**Exercise**
Copy word for word the lines in the records below, starting at the line with "eiken-bijgebouw-1 - Project" and ending at the line with "All 3 Media". Skip the pictures.

**Recorded information**

-*-

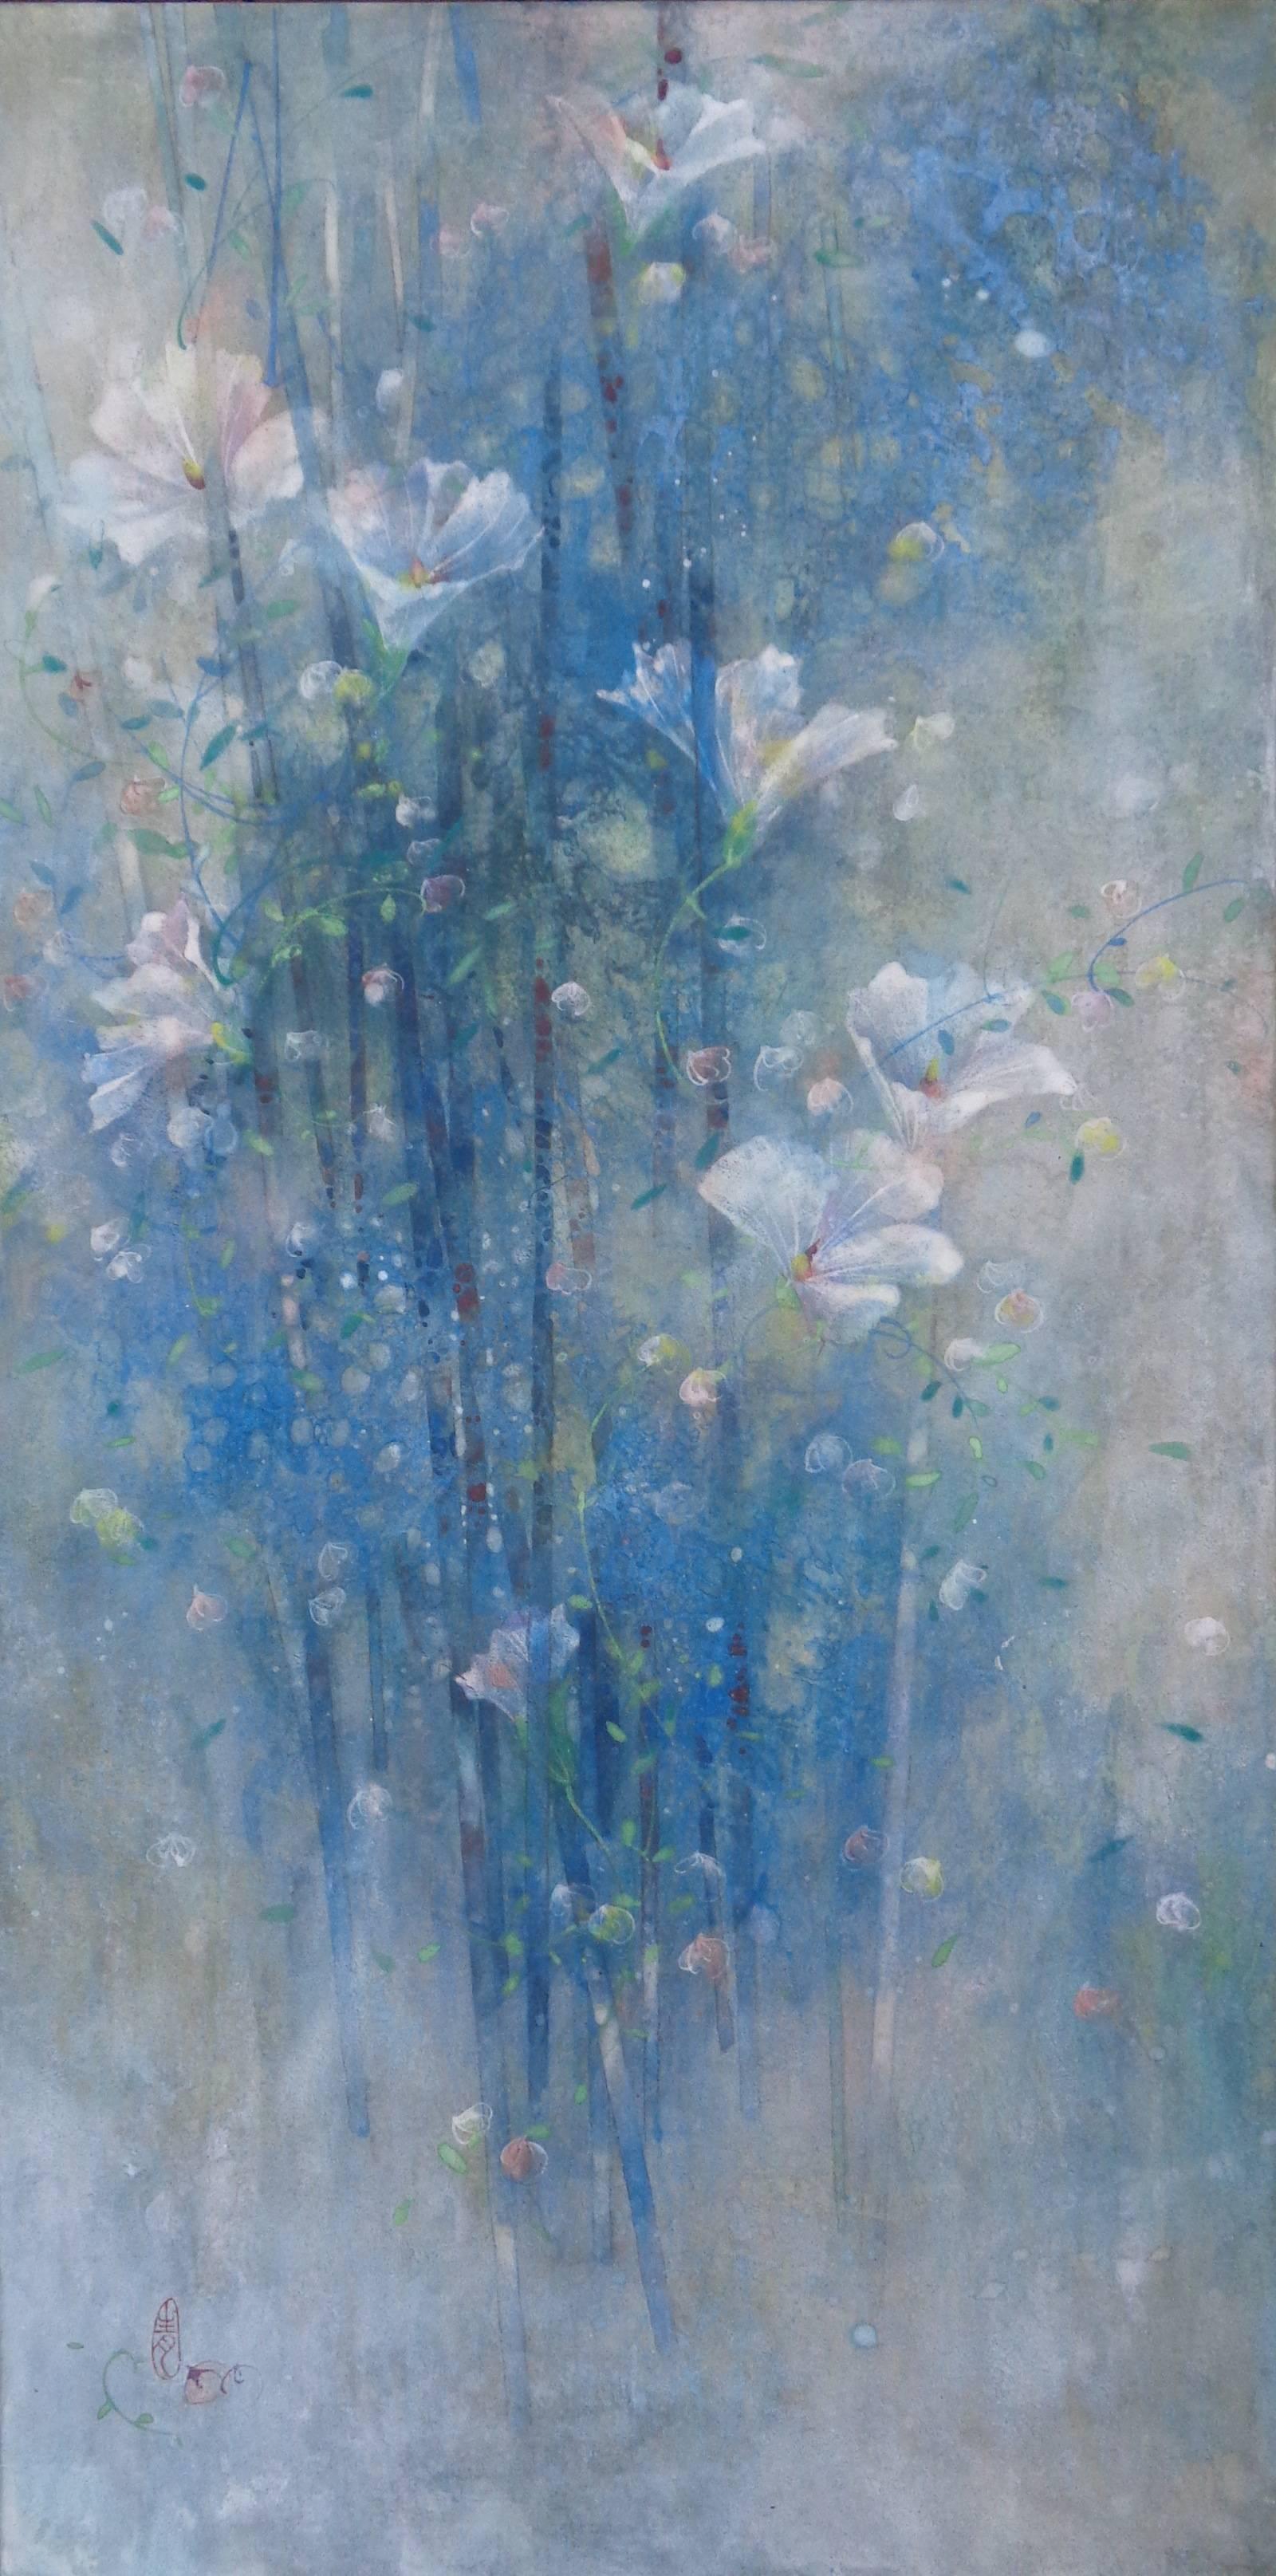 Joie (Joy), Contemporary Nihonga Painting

-*-

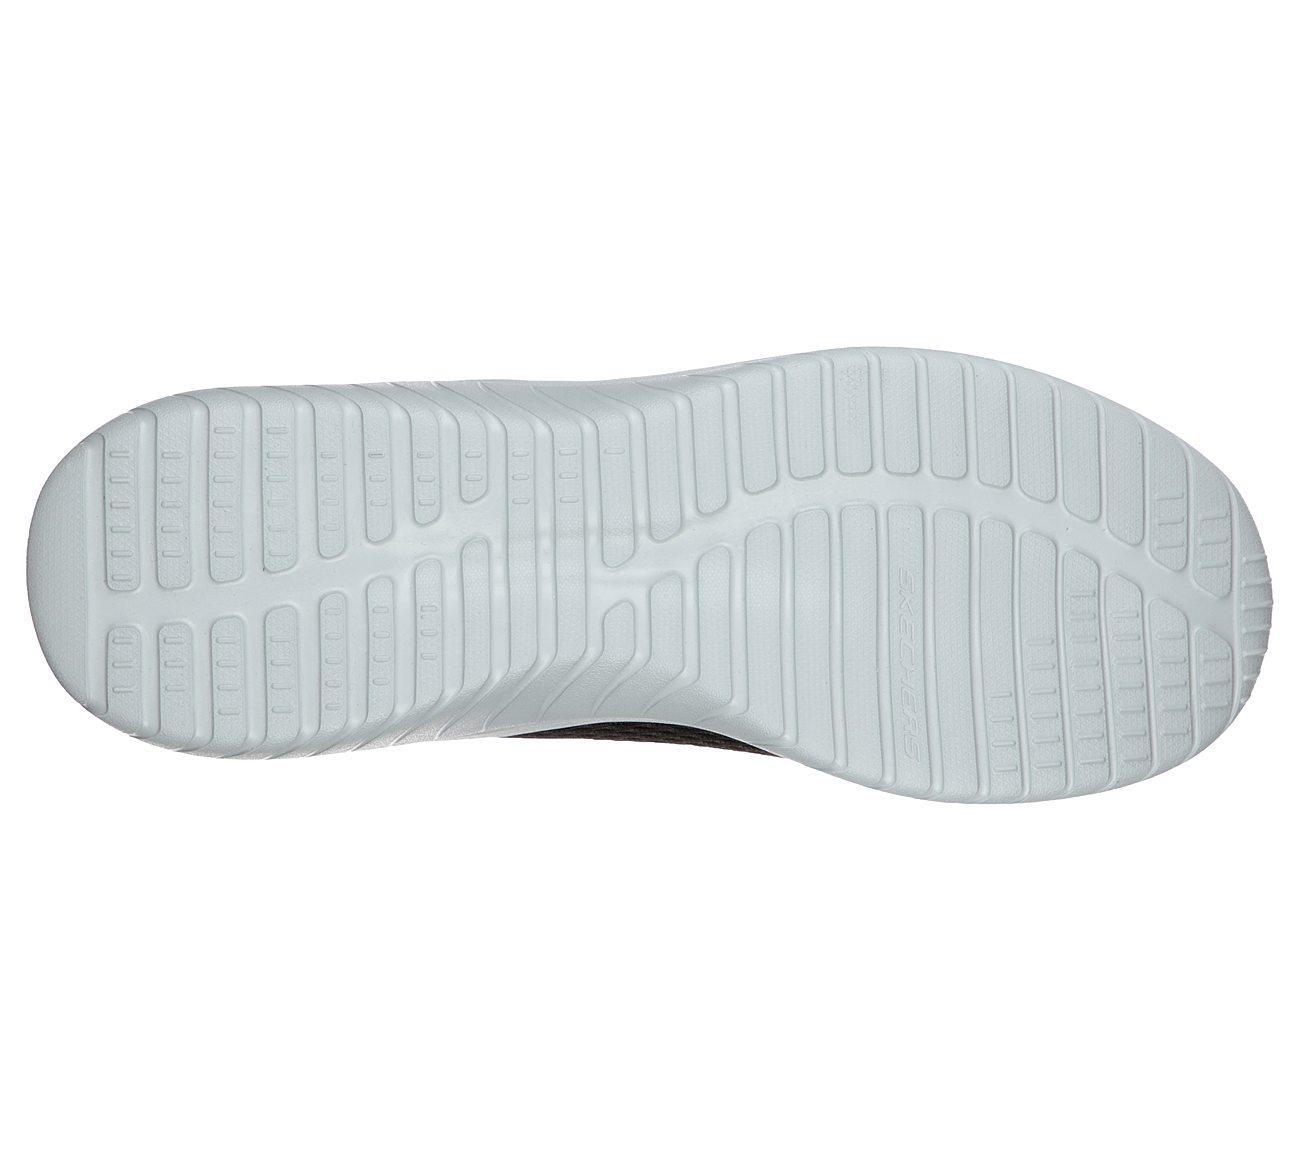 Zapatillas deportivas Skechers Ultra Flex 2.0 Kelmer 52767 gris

-*-

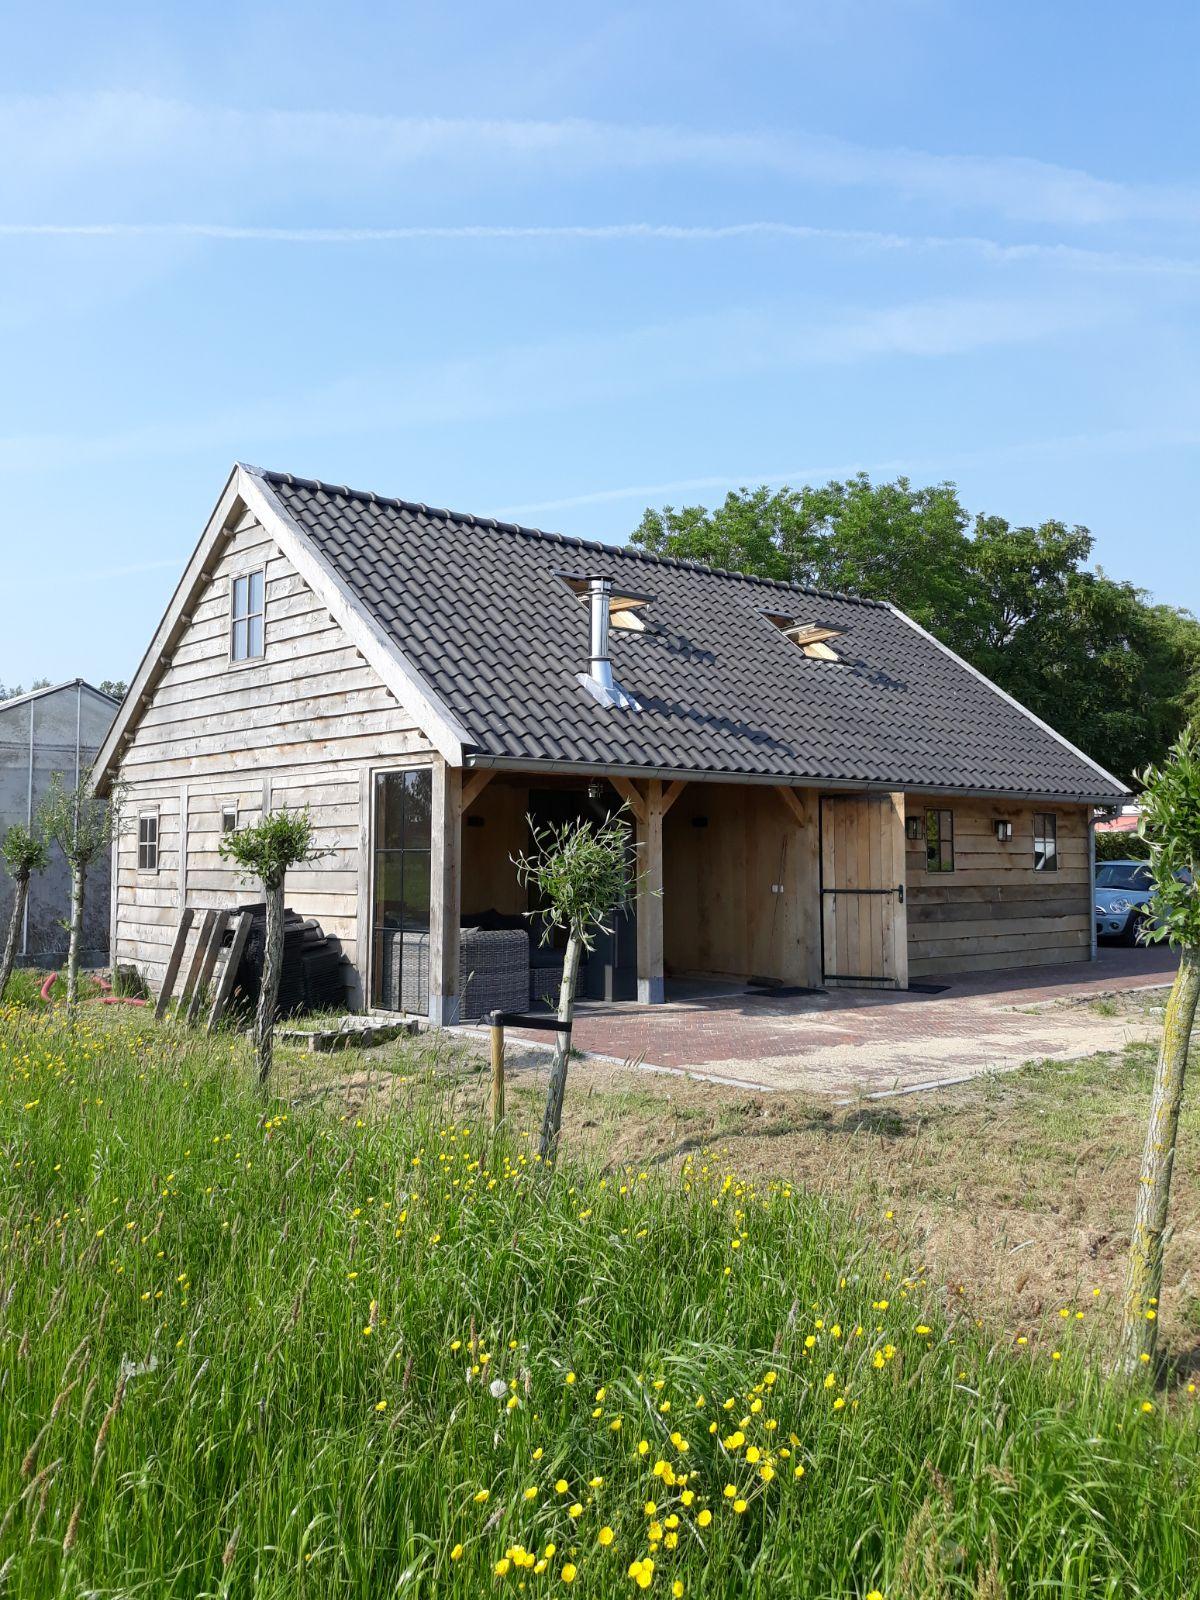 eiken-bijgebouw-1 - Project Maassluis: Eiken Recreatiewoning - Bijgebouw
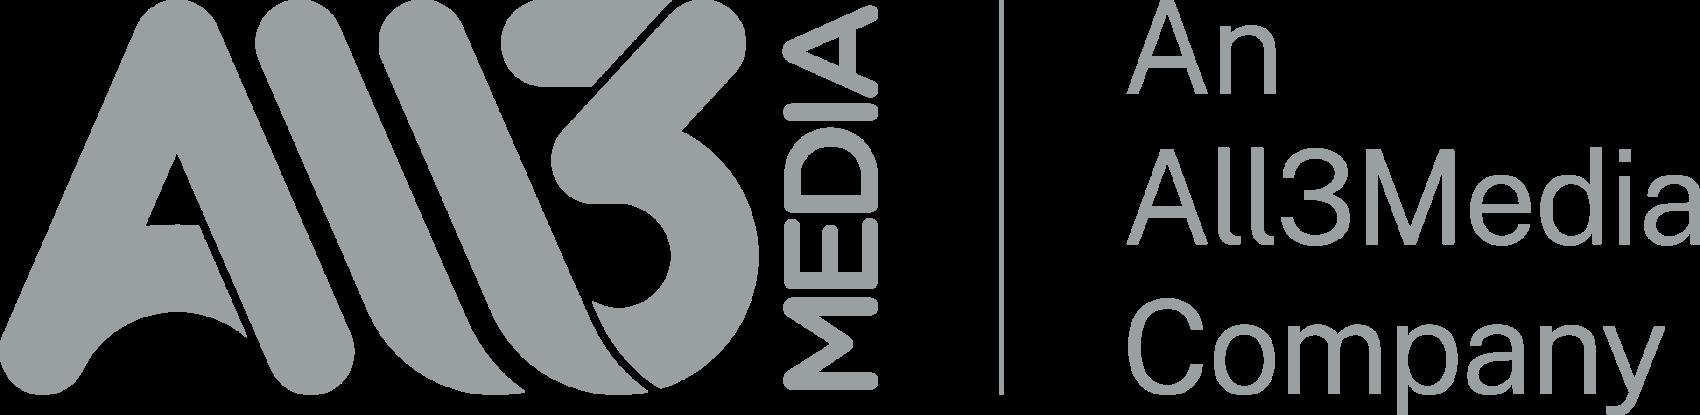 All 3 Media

-*-

**Solution to this problem**
 eiken-bijgebouw-1 - Project Maassluis: Eiken Recreatiewoning - Bijgebouw
 All 3 Media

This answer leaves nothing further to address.